In order to do that, you have to run the prepareworkflow, and then assign a tag to it (e.g. through the UI as shown below or the CLI).

Then, you can refer to this tag from the train workflow:

workflows:
  - name: prepare
    provider: python
    script: "prepare.py"
    requirements: "requirements.txt"
    artifacts: ["data"]

 - name: train
   provider: python
   version: "3.9"
   requirements: "requirements.txt"
   script: "train.py"
   depends-on:
      - prepare:latest
   artifacts: ["model"]
   resources:
     gpu: 4

By decoupling the workflows of preparing data and training the model, it becomes easier to train the model iteratively and keep every run reproducible.

dstack + WandB Configuration

It is possible to seamlessly use stack and Wanda together.

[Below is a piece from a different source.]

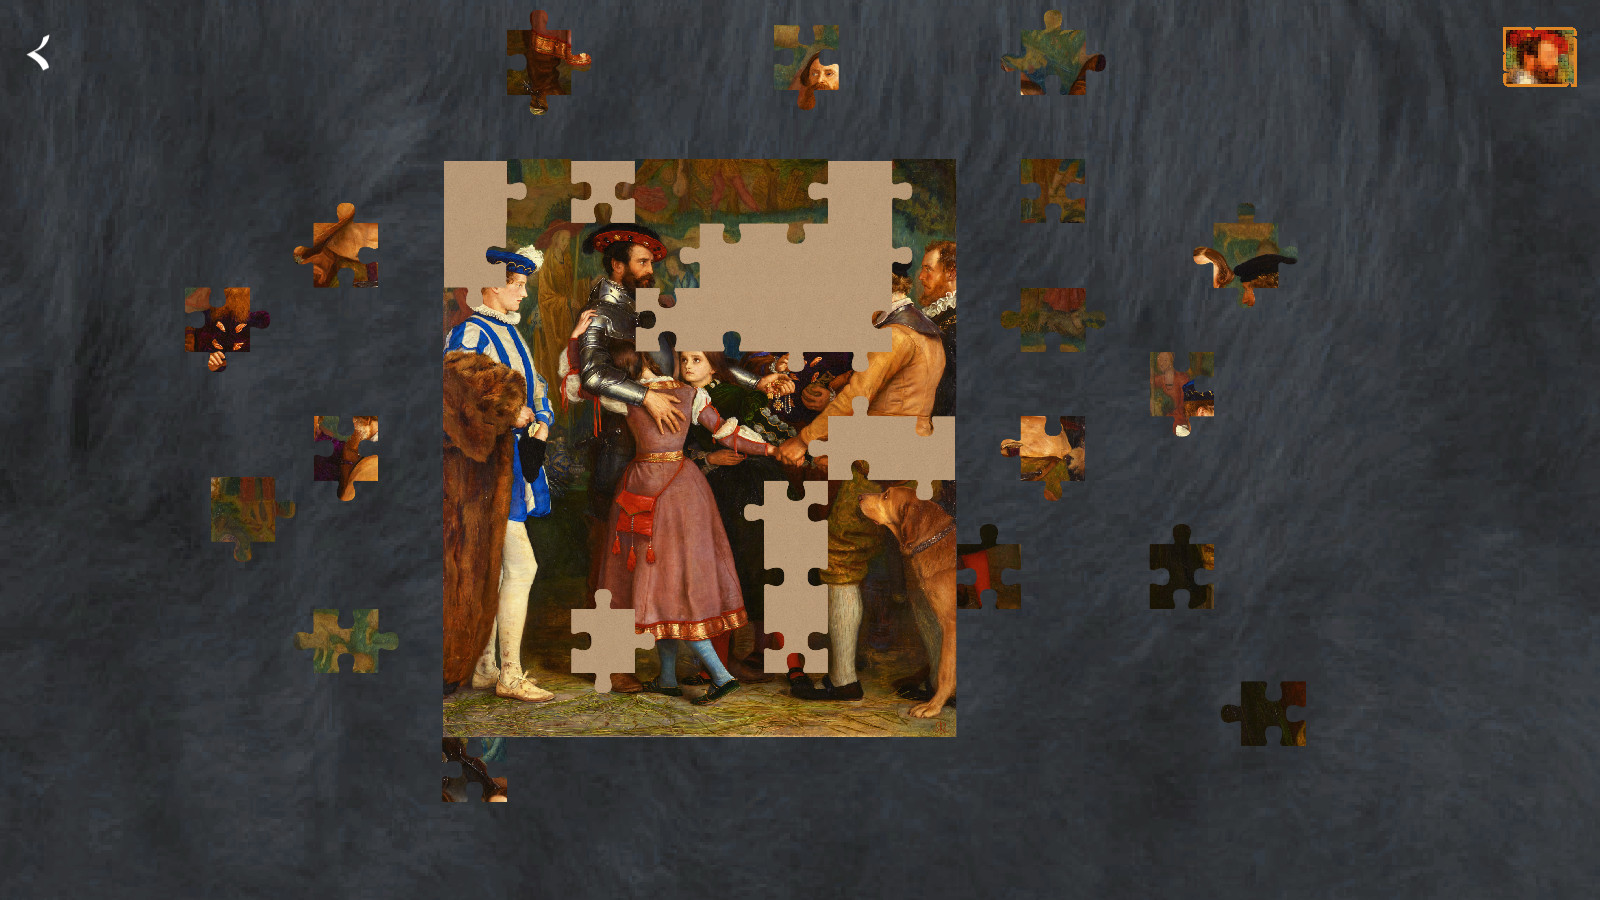 Jigsaw Puzzles: Master Artists of Old screenshot

To do that, obtain the WandB API key from “Settings” in Wanda as shown below

And add it to stack Secrets.

You can do it via “Settings” in dstack.ai. Click the “Add secret” button and add the key WANDB_API_KEY the secret with the copied WandB API key value.

The dstack settings should look like below.

In order to use the same run names across stack and Wanda, you can use the environment variable RUN_NAME to get the stack run name and pass it as a display name to WandbLogger as shown below:

run_name = os.environ['RUN_NAME']

wandb log results to a project

wandb_logger = WandbLogger(name=run_name, project="my-test-project")

That’s it for now. The source code used in this blog post can be found here.

You’re very welcome to share your feedback, ask questions, and of course, give a spin to WandB and stack yourself.

I want to try it. Where do I start?

#physics #nasa #space #facts #universe #knowledge #dailyfacts #biology #factz #chemistry #astronomy #education #earth #memes #cosmos #amazing #nature #allfacts #tech #innovation #astrophysics #code #ui #html #design #programming #userinterface #appdesign #digitaldesign #dribbble #uxdesign #webdesign #websitedesign #developer #celafarai #frasedelgiorno #webdeveloper #graphicdesign #marketing #instagram #dev #aforisma #frasi #softwareengineering #pensierodelgiorno #frontend #programmer #radio #pensiero #wireframe #clubdelcomic
#userinterface #appdesign #digitaldesign #dribbble #uxdesign #candivit #demetozdemir #canem

Please log in to like, share and comment!